The Kronecker coefficients of the symmetric group are the multiplicities of irreducible representations in the decomposition of the tensor product of two other irreducible representations. Ever since their definition by Murnaghan more than 80 years ago they've presented a major mystery and open problem in Algebraic Combinatorics. Recently they have come to play a crucial role in Geometric Complexity Theory in the quest for separation of VP and VNP. In this talk I'll give a broad overview of this topic with respect to combinatorics, asymptotics and computational complexity.
Tensor network states form a variational ansatz class widely used in the study of quantum many-body systems. Geometrically, these states form an algebraic variety of tensors with rich representation theoretic structure.
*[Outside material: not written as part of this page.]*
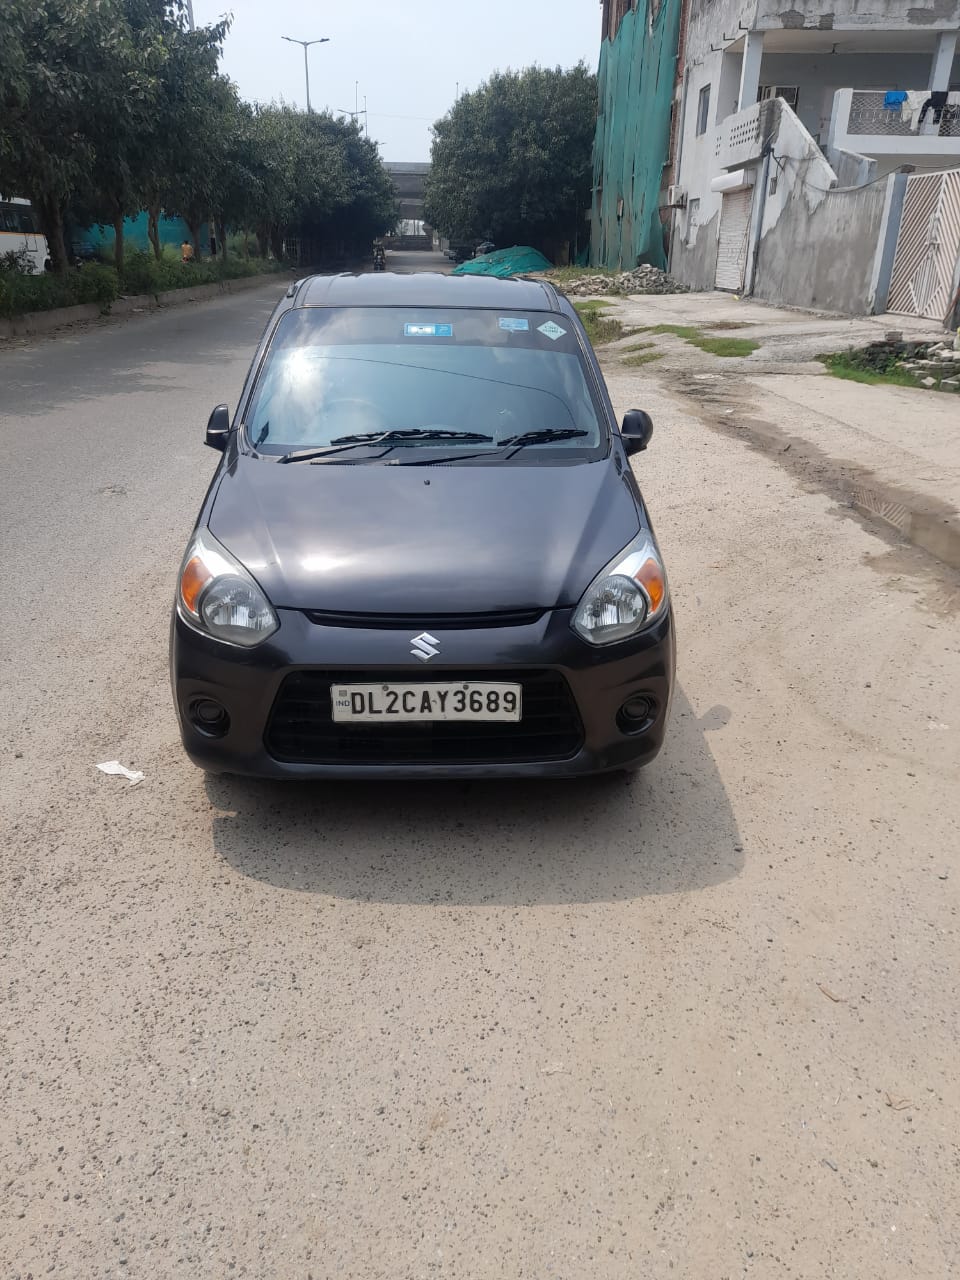 Secondhand Alto 800-Vxi-Cng car in Dwarka and Uttam Nagar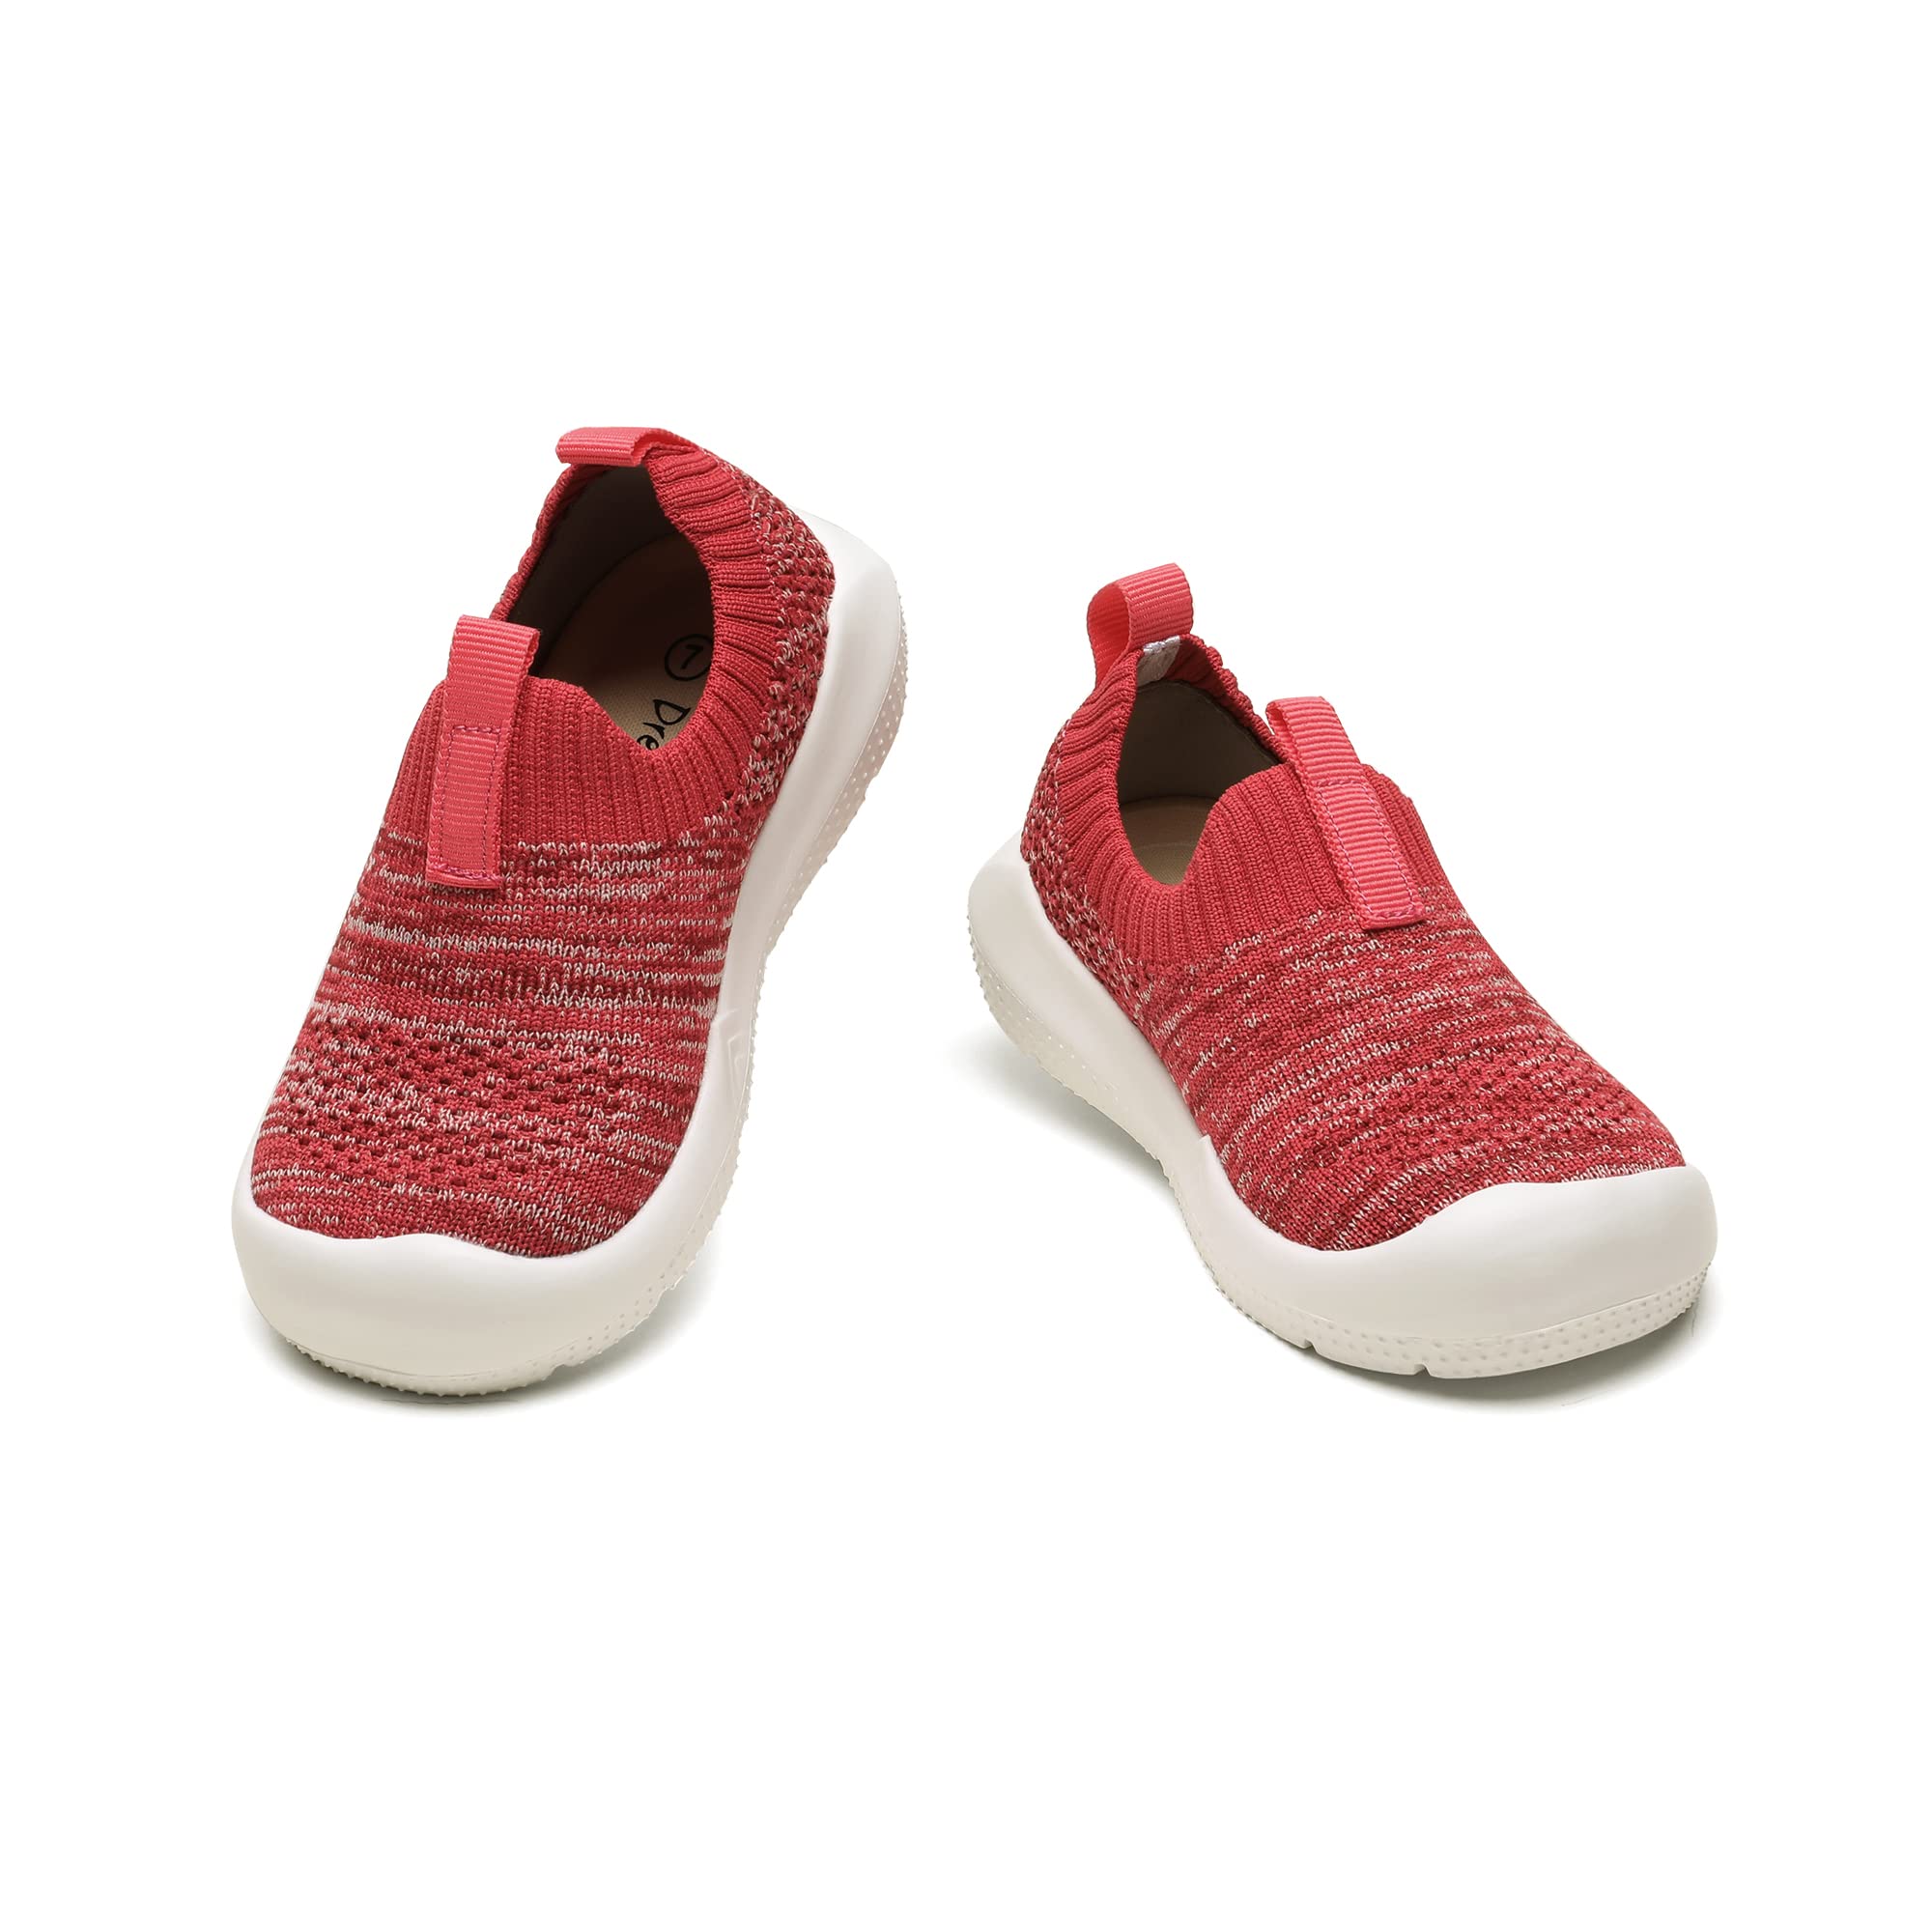 DREAM PAIRS Toddler Boys Girls Walking Shoes Lightweight Slip-on Sneakers(Toddler/Little Kid)

It is known that tensors on the "boundary" of this variety can provide more efficient representations for states of physical interest, but the pathological geometric properties of the boundary make it difficult to extend the classical optimization methods. In recent work, we introduced a new ansatz class which includes states at the boundary of the tensor network variety. I will present some of the geometric features of this class and explain how it can be used in the variational approach. This is based on joint work with M. Christandl, D. Stilck-Franca and A. Werner.
Exponential densities on unitary conjugation orbits of Hermitian matrices, known as Harish-Chandra-Itzykson-Zuber (HCIZ) densities, are important in various settings in physics and random matrix theory. However, the basic question of efficient sampling from these densities has remained open. We present two efficient algorithms to sample matrices from distributions that are close to the HCIZ distribution. Both algorithms exploit a natural self-reducible structure that arises from continuous symmetries of the underlying unitary orbit. We will also discuss applications to quantum inference and differentially private rank-k approximation.